I think you're getting a handle on the basic idea, but there are a number of details in your statements that aren't quite correct.
Given a manifold $M$ of dimension $n$, I have that a distribution,
$\mathcal{D}$, is a sub-bundle (subspace) of the tangent space $TM$
such that $\mathcal{D}\subset TM$ and $\mathcal{D}_p\subset T_pM$ for
all $p\in M$.
Yes, a distribution is a subbundle of $TM$. But it's not really correct to say it's a subspace of $TM$. Of course, "subspace" can have different meanings, depending on context. It is true that $\mathcal D$ is a topological subspace of $TM$ if we endow it with the subspace topology, but then that's true of any subset of $TM$, or of any other topological space. On the other hand, it wouldn't make sense to say that $\mathcal D$ is a linear subspace of $TM$, because $TM$ is not a vector space.

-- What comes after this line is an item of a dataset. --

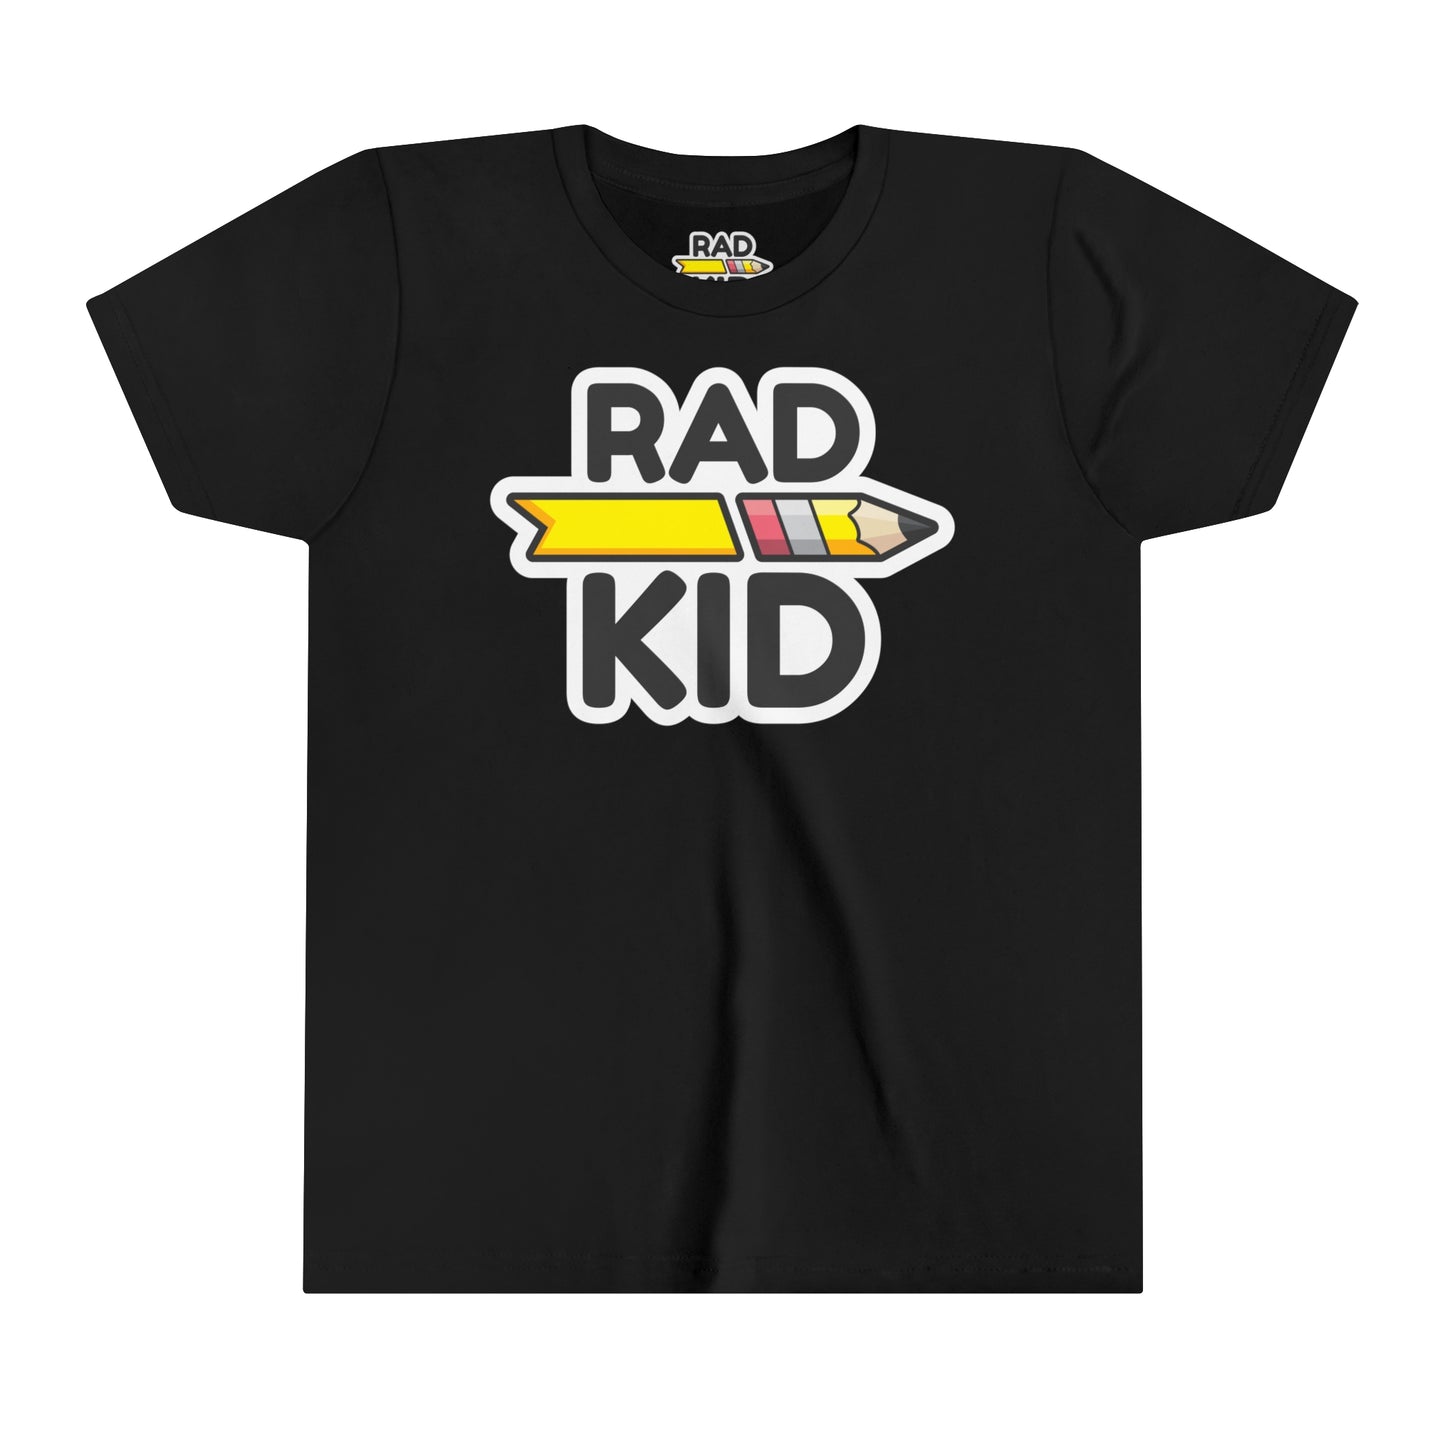 "RAD KID" SQUAD Youth Short Sleeve Tee Shirt

The fact that it's a subbundle says everything that needs to be said -- by definition, this means that it's a subset of $TM$ that is an embedded submanifold, such that each fiber $\mathcal D_p$ is a linear subspace of $T_pM$, and such that $\mathcal D$ is a vector bundle in its own right when each fiber $\mathcal D_p$ is given the vector space structure that it inherits from $T_pM$. Implicitly, this also implies a few other things, such as that each fiber $\mathcal D_p$ is nonempty, and the fibers are all the same dimension.
I was also told to think of the distribution as
$\mathcal{D}=\text{span}\{X_1,\cdots,X_r\}$ where $X_1,\cdots,X_r$ are
linearly independent vector fields in the tangent space of $M$.

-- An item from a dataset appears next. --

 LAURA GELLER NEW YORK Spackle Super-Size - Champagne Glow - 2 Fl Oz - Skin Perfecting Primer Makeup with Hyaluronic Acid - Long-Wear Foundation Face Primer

This is not quite true, but it is true locally -- Each point of $M$ has a neighborhood $U$ such that $TU\cap \mathcal D$ is locally the span of an $r$-tuple of linearly independent vector fields. More precisely, what this means is that there are $r$ vector fields $X_1,\dots,X_r$ on $U$ such that for each $p\in U$,
$$
\mathcal D_p = \operatorname{span}(X_1|_p,\dots,X_r|_p).
$$
The main thing wrong with your statement is that it might not be possible to find such vector fields globally on $M$.
We also distinguished a distribution from a smooth distribution by
adding the requirement that vectors must vary smoothly from point to
point.
"The requirement that vectors must vary smoothly from point to point" is a little too vague to be useful. What vectors? Here's a more precise statement of what it means for $\mathcal D$ to be a smooth distribution:
- Each point of $M$ has a neighborhood $U$ on which there are smooth independent vector fields $X_1,\dots,X_r$ that span $\mathcal D\cap TU$ in the sense described above.

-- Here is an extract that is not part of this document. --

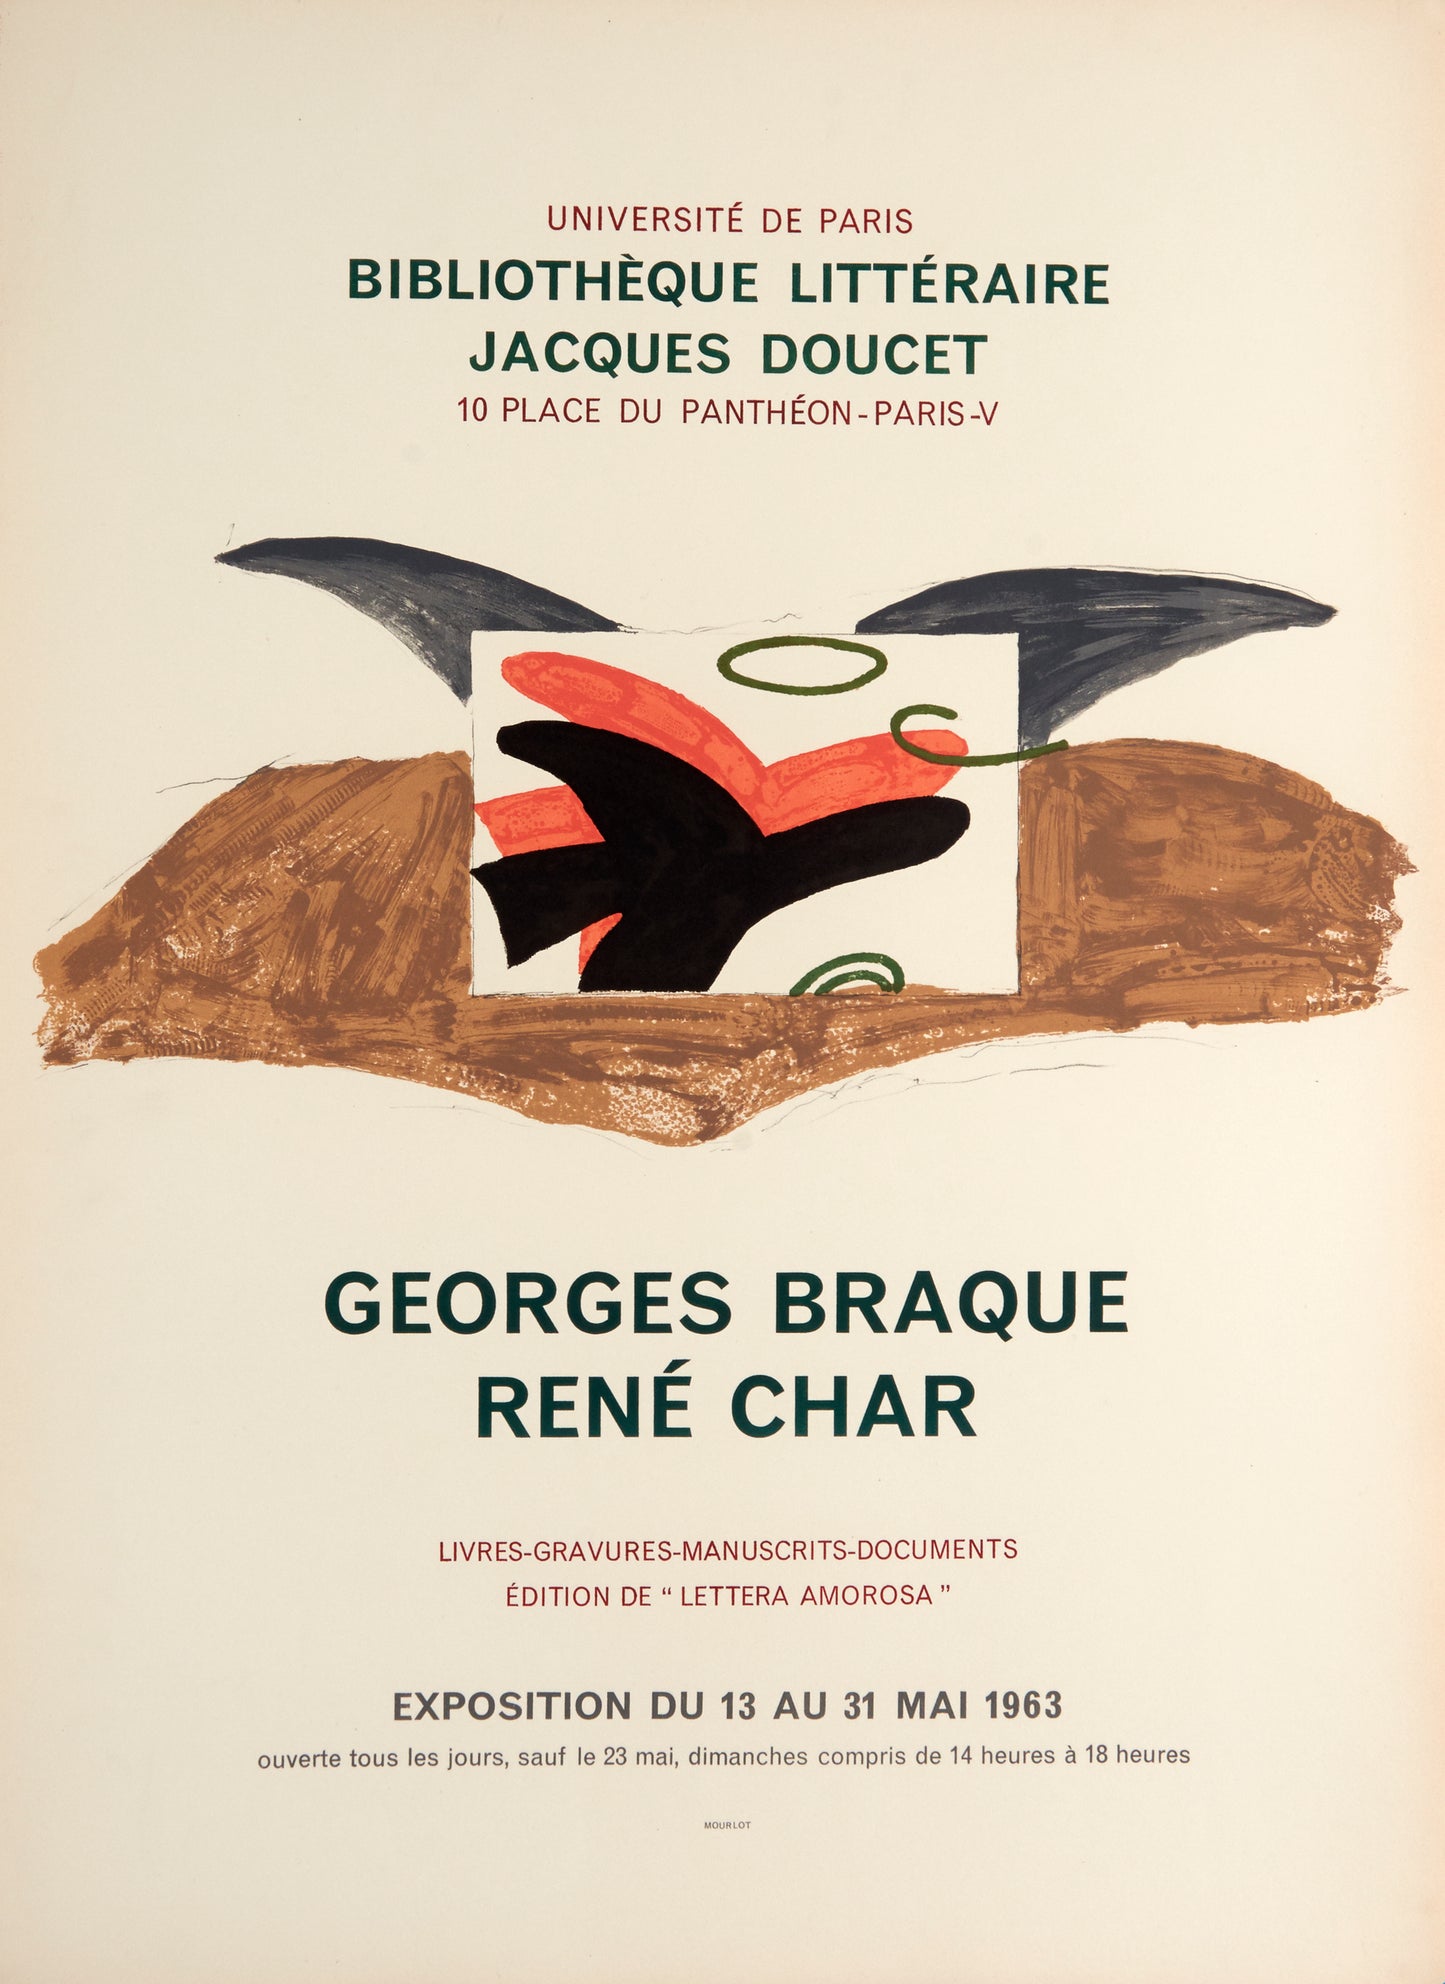 Lettera Amorosa, Jacques Doucet by Georges Braque, 1963 - Mourlot Editions - Fine_Art - Poster - Lithograph - Wall Art - Vintage - Prints - Original

Given two vector fields $X,Y \in \mathcal{D}$ with
$X_p,Y_p\in \mathcal{D}_p$ if $[X,Y]\in \mathcal{D}$ then there exists an
integral manifold which is a sub-manifold of the distribution; that is $\mathcal{D}$ is integrable. We also say that the distribution
$\mathcal{D}$ is involutive.
You've got some misplaced quantifiers here. It should say
- We say $\mathcal D$ is involutive if it has the following property: for all smooth vector fields $X,Y$ on $M$ that satisfy $X_p,Y_p\in \mathcal D_p$ for each $p\in M$, we also have $[X,Y]_p\in \mathcal D_p$ for each $p\in M$.
- If $\mathcal D$ is involutive, then it has the property that through every point of $M$ there is a integral manifold of $\mathcal D$, which is an $r$-dimensional submanifold $S\subseteq M$ whose tangent space at each point $q\in S$ is equal to $\mathcal D_q$. (This is called the Frobenius theorem.)
(It's not correct to say that an integral manifold is a "submanifold of the distribution," since the distribution is a subset of $TM$ while an integral manifold is a subset of $M$.)